Which brings me to Star Trek V: The Final Frontier (1989), which Alex and I saw on opening day at the Regency I in San Francisco. Here’s the curious thing — we both left the theater that day absolutely loving the film. Of course, having watched it a few more times since then, I now know that Star Trek V is a godawful train wreck of a movie. The shots of Kirk climbing Yosemite’s El Capitan became particularly amusing to me over the years, especially how William Shatner’s potbelly in the closer shots of Kirk doesn’t seem to match the slim shape of his stuntman in the longer shots.

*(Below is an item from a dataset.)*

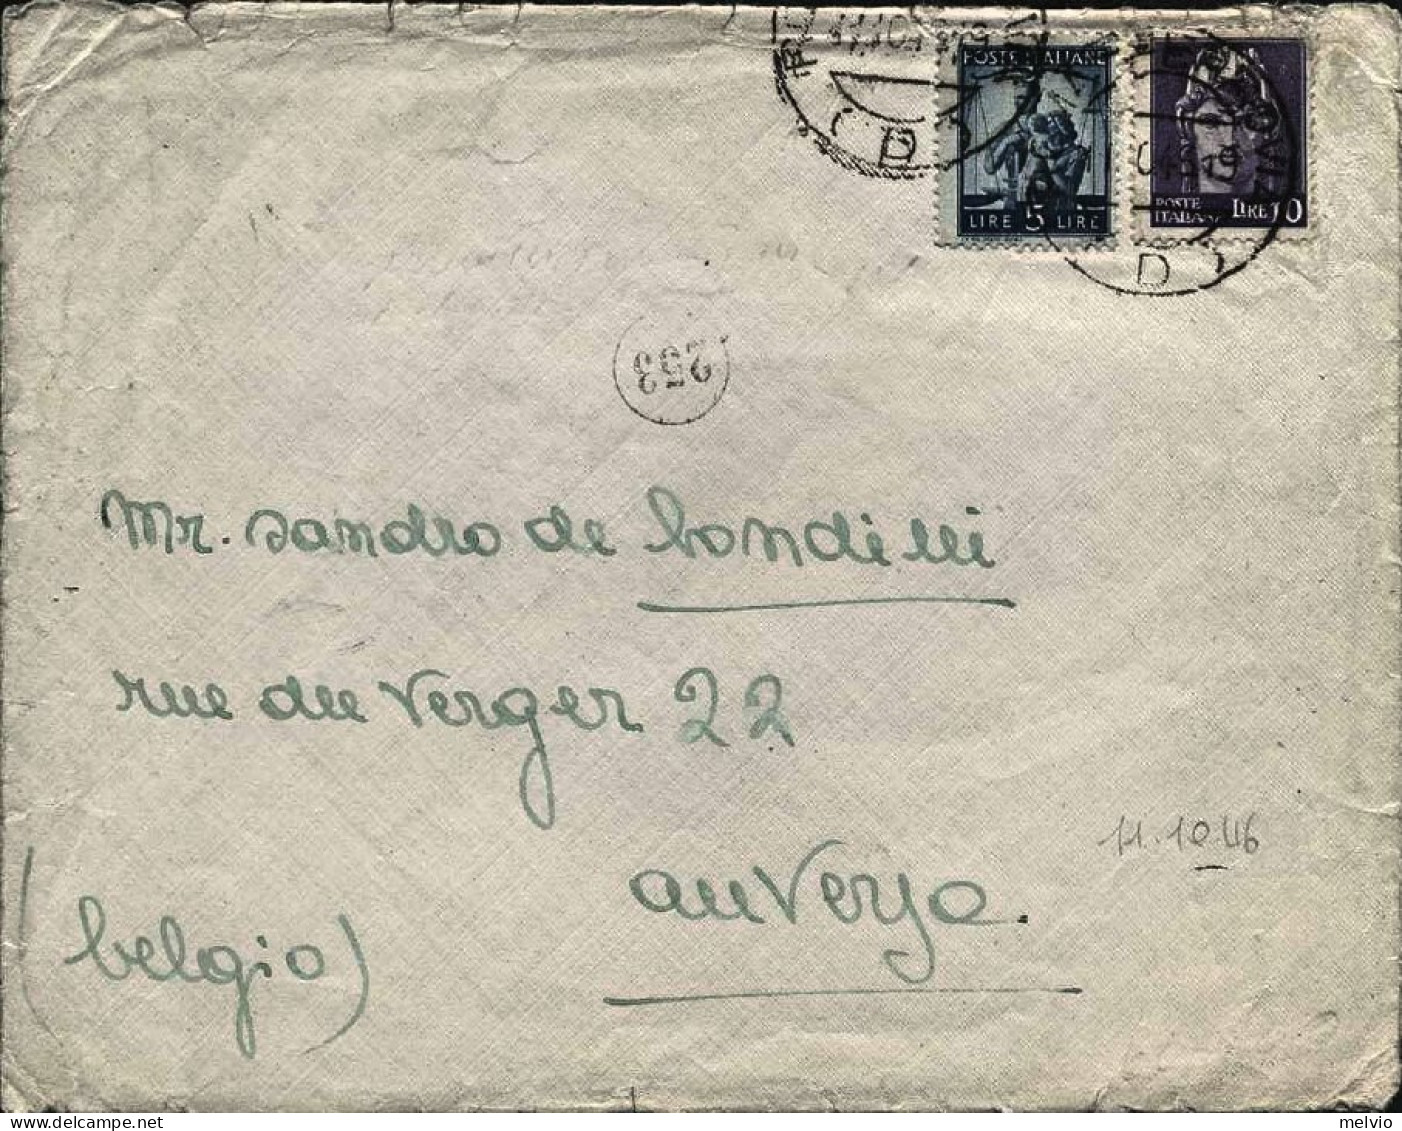 1946-mista Imperiale-Democratica Lettera Per Il Belgio Affr. L.10 Imperiale Senz - 1946-60: Storia Postale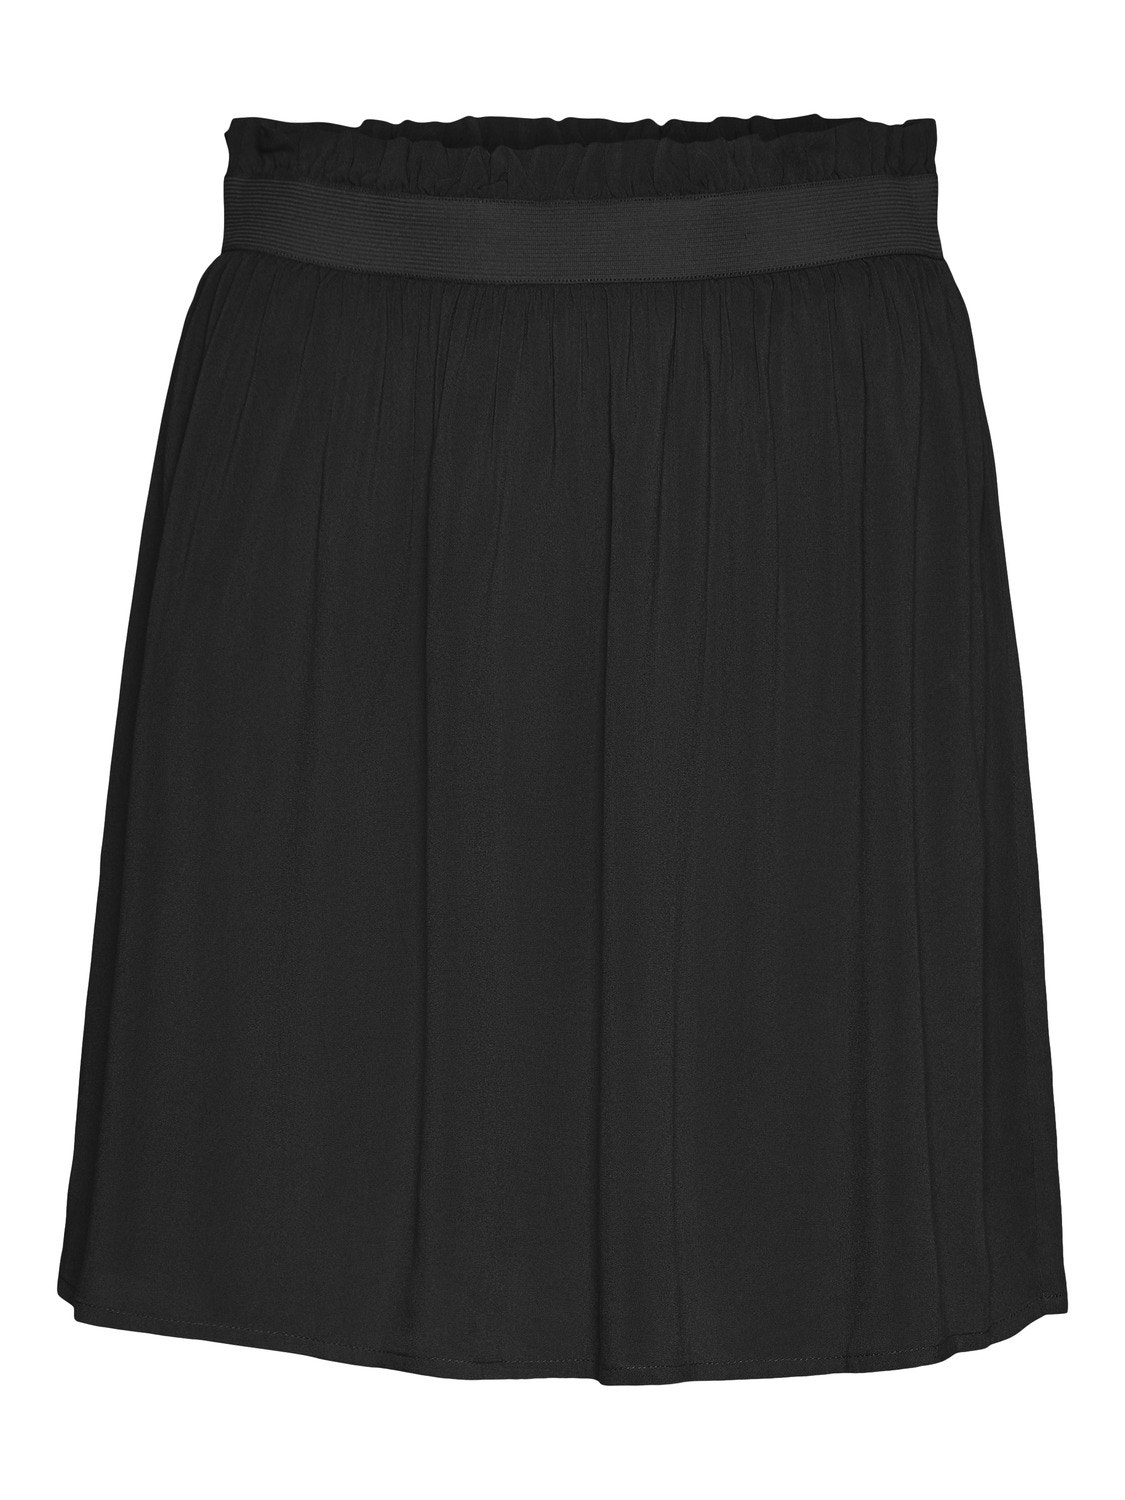 Vero Moda VMBEAUTY Short skirt -Black - 10263979

But somehow, back in 1989, Alex and I didn’t notice any of that. We were two friends who hadn’t seen each other in a while, experiencing a brand-new Star Trek movie, and that’s all that mattered. We couldn’t stop talking about how great it was. I remember admiring the Steadicam shots in some of the action sequences, and at one point, referring to the fact that Star Trek V was Shatner’s directorial debut, I exclaimed, “He directed the hell out of that movie!” My friend Alex agreed.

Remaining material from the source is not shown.